Остальное он решил придержать, понаблюдать за реакцией. Хельмо вздохнул. Он не выглядел ни загнанным в угол, ни даже удивленным – только несчастным. Оглянулся на переулки, где шумели солдаты, опустил глаза и ответил, рассматривая носы сапог.

– Неужели? Тогда я начинаю понимать, к чему ты ведешь.

Янгред молчал. Он с облегчением понял: выпытывать не придется. Но и просто не будет.

– Это мой наставник, – слова дались Хельмо с трудом, но он все же их произнес, голос потеплел. – Грайно, царев воевода. Герой. Взял много городов, в том числе этот. Научил меня всему, и… знал бы ты, как я его обожал.

Янгред все-таки улыбнулся: подумал опять о Марэце. Перебивать не стал, кивнул. Хельмо все же поднял глаза. Снова прислонился к стене, затеребил ворот накинутого поверх кольчуги кафтана. Пытался скрыть, как растревожил его разговор. Янгред же с трудом скрывал то, как опасается продолжения. Бедой и горем веяло все сильнее, словно их нес ветер.

– Мои мать и отец… – Хельмо заговорил опять тусклее, – погибли здесь, под Инадой. Они тоже были воеводами. И хотя воспитывал меня дядя, ближе мне вскоре стал Грайно. И был рядом до конца, насколько мог.

– Значит, ты… – Янгред не смог произнести «сирота». Лишь подумал грустно, как заблуждался, думая, что Хельмо добр, потому что «вырос в тепле». Скорее наоборот.

– Поэтому я так хочу скорее отсюда уйти, – тот легко угадал несказанное. – И поэтому же не мог просто бросить город, за который они отдали жизни.

Янгред снова кивнул. Он еще искал, как продолжить, как подойти к тому, что услышал на крыше, но Хельмо, скорее всего, боясь жалости, опередил его. Просто сказал:

– На мне будто проклятье. Грайно тоже мало прожил. Но там… там другое.

– Что? – Янгред уцепился за это. Кажется, Хельмо заметил его беспокойство. Нахмурился, помедлил – явно собирался с духом. Но, скорее всего, тут он вспомнил, как откровенен Янгред был ночью под стенами Инады, и решил платить тем же.

– Грайно был… – продолжил он, – как у вас говорят, фаворитом царя. Близким другом. Начинал его личным стражем: у нас у каждого царевича и царевны есть, кроме взрослых, страж-ровесник, воспитывающийся рядом. Их готовят лет с шести. Это удобно: они все о царских детях знают, всегда рядом, выручают… Таким был и Грайно – его пожалел кто-то из друзей предыдущего царя, купил на невольничьем рынке в Шелковых землях, а в Остраре обучил ратному делу.

– Вот это обычай! – похвалил Янгред. – А сейчас есть такое?
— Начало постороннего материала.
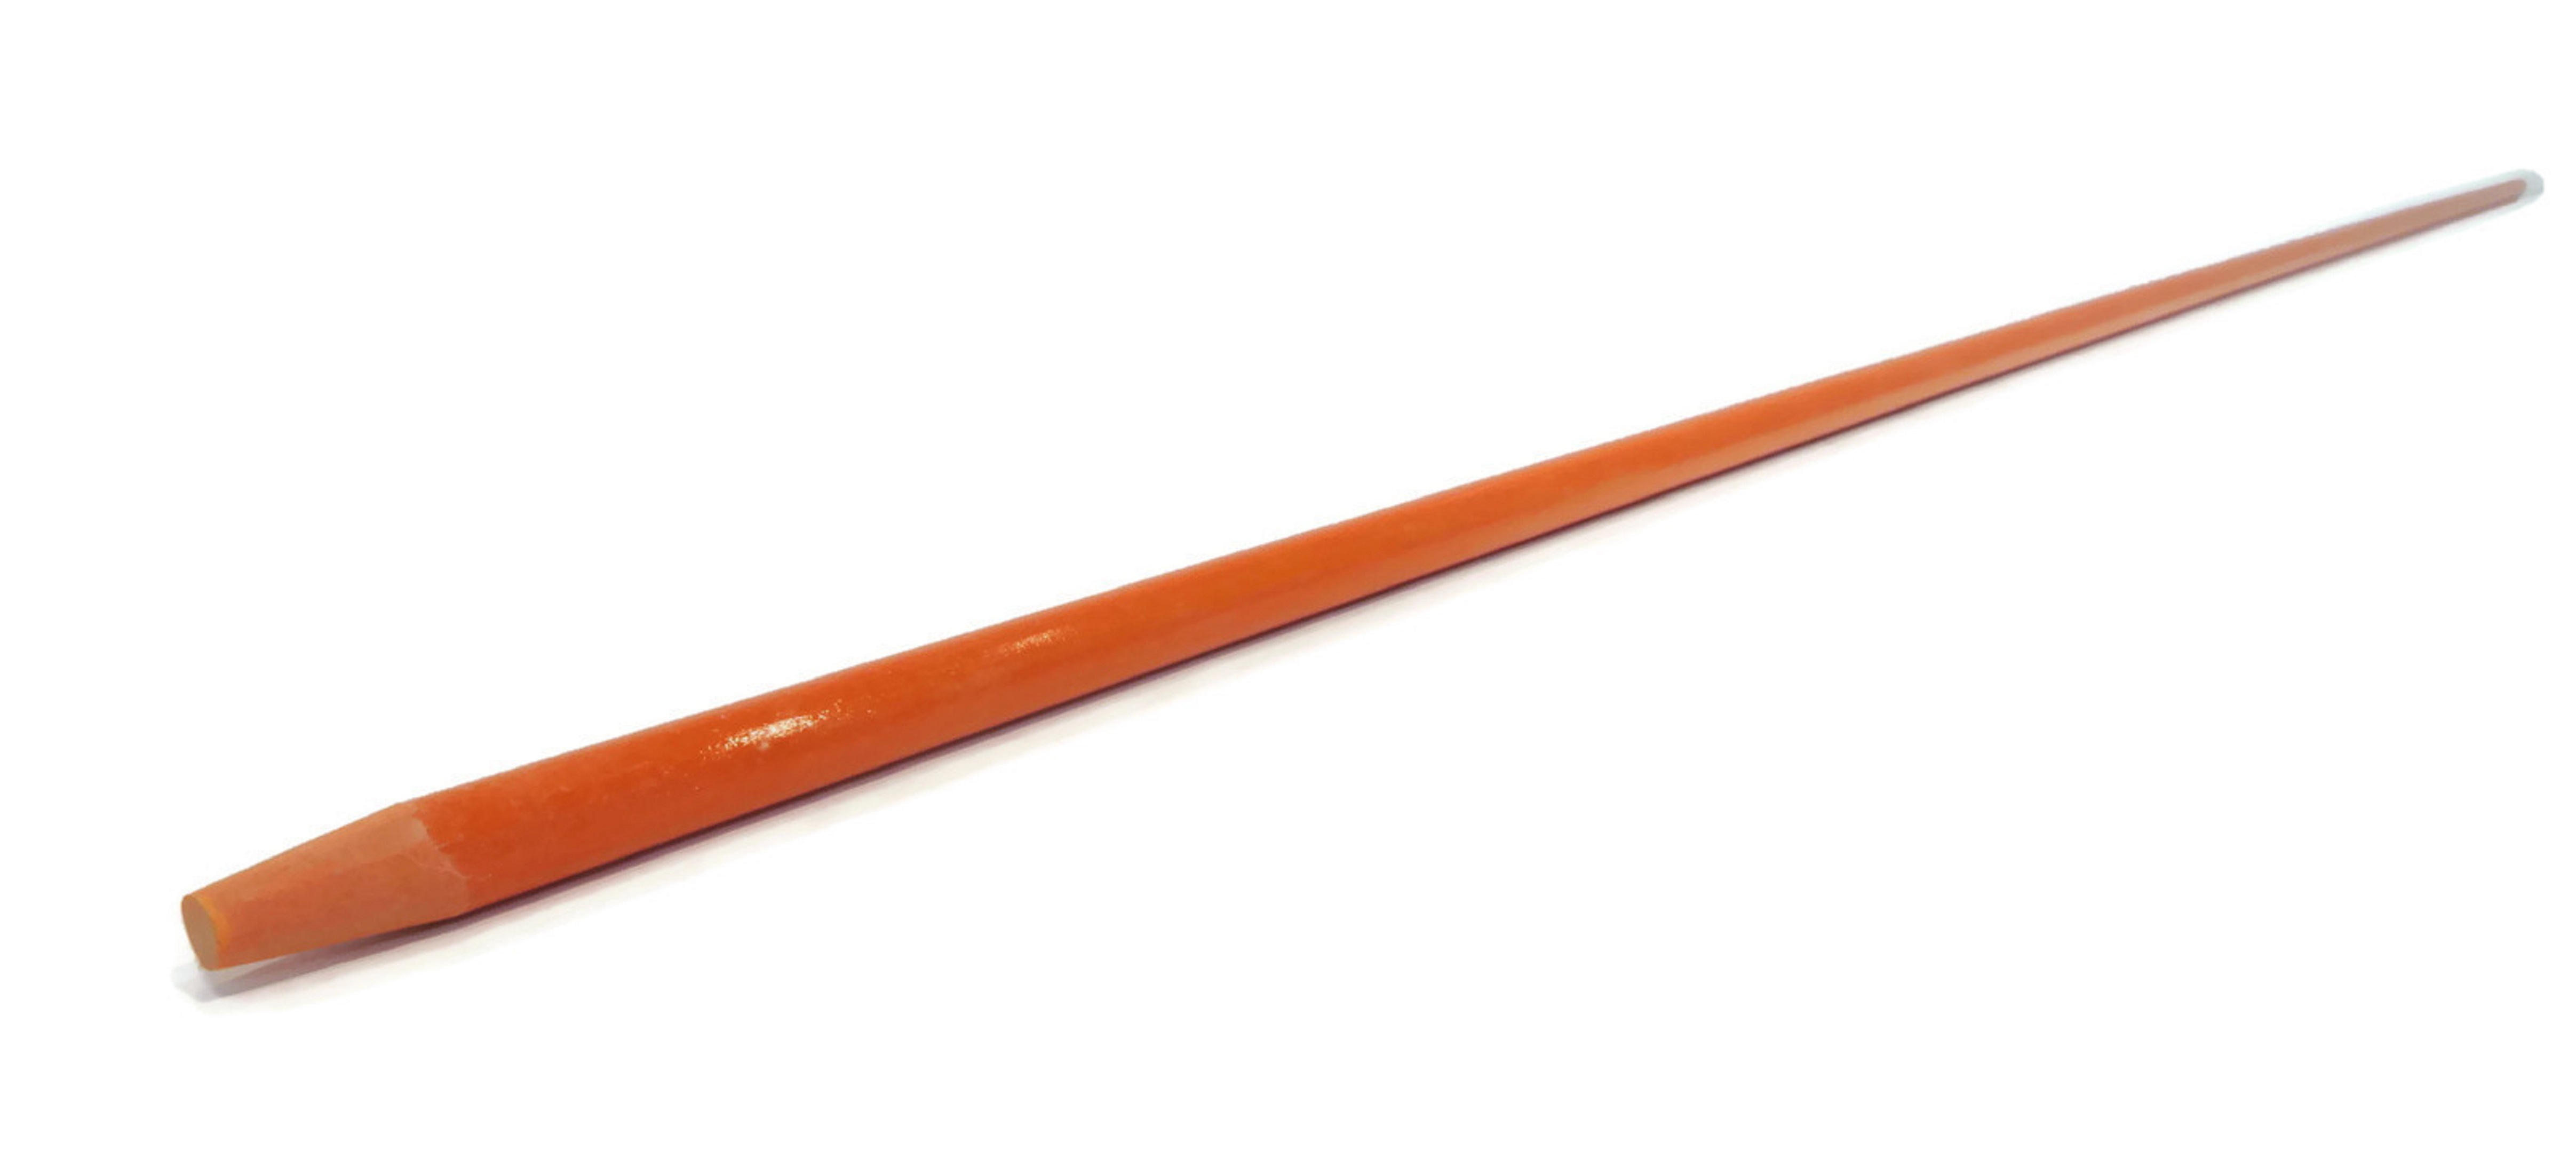 The ROP Shop | Pack of 15 Orange Pathway Sticks 48 inches, 1/4 inch for Lawn, Yard, & Grass Driveway - image 2 of 6

Ну, дети-стражи?

– Дядя отменил, – покачал головой Хельмо. – Царевич окружен взрослыми. – Он поджал губы, вздохнул, вернулся к тому, с чего начал. – Так вот. Грайно с Вайго жили словно даже не просто братья, а близнецы. Это было, по словам Грайно, хорошее, вольное детство, ведь Вайго не наследовал престол. Царицей предстояло стать его сестре Гелине, умной, красивой, всех умевшей заткнуть за пояс. Она была старше на несколько лет – а у нас же со времен Империи корону наследует старший ребенок. Так что Вайго предоставили самому себе. У него была мечта – объездить мир, посмотреть, кто как живет, поучиться, перенять военные искусства и стать при сестре великим воеводой. И чтобы Грайно – всюду с ним. – По лицу Хельмо пробежала судорога. – Но сложилось иначе.

– Я не помню Гелину из Первой династии, – подумав, осторожно сказал Янгред. Ее вроде бы никто при нем не упоминал.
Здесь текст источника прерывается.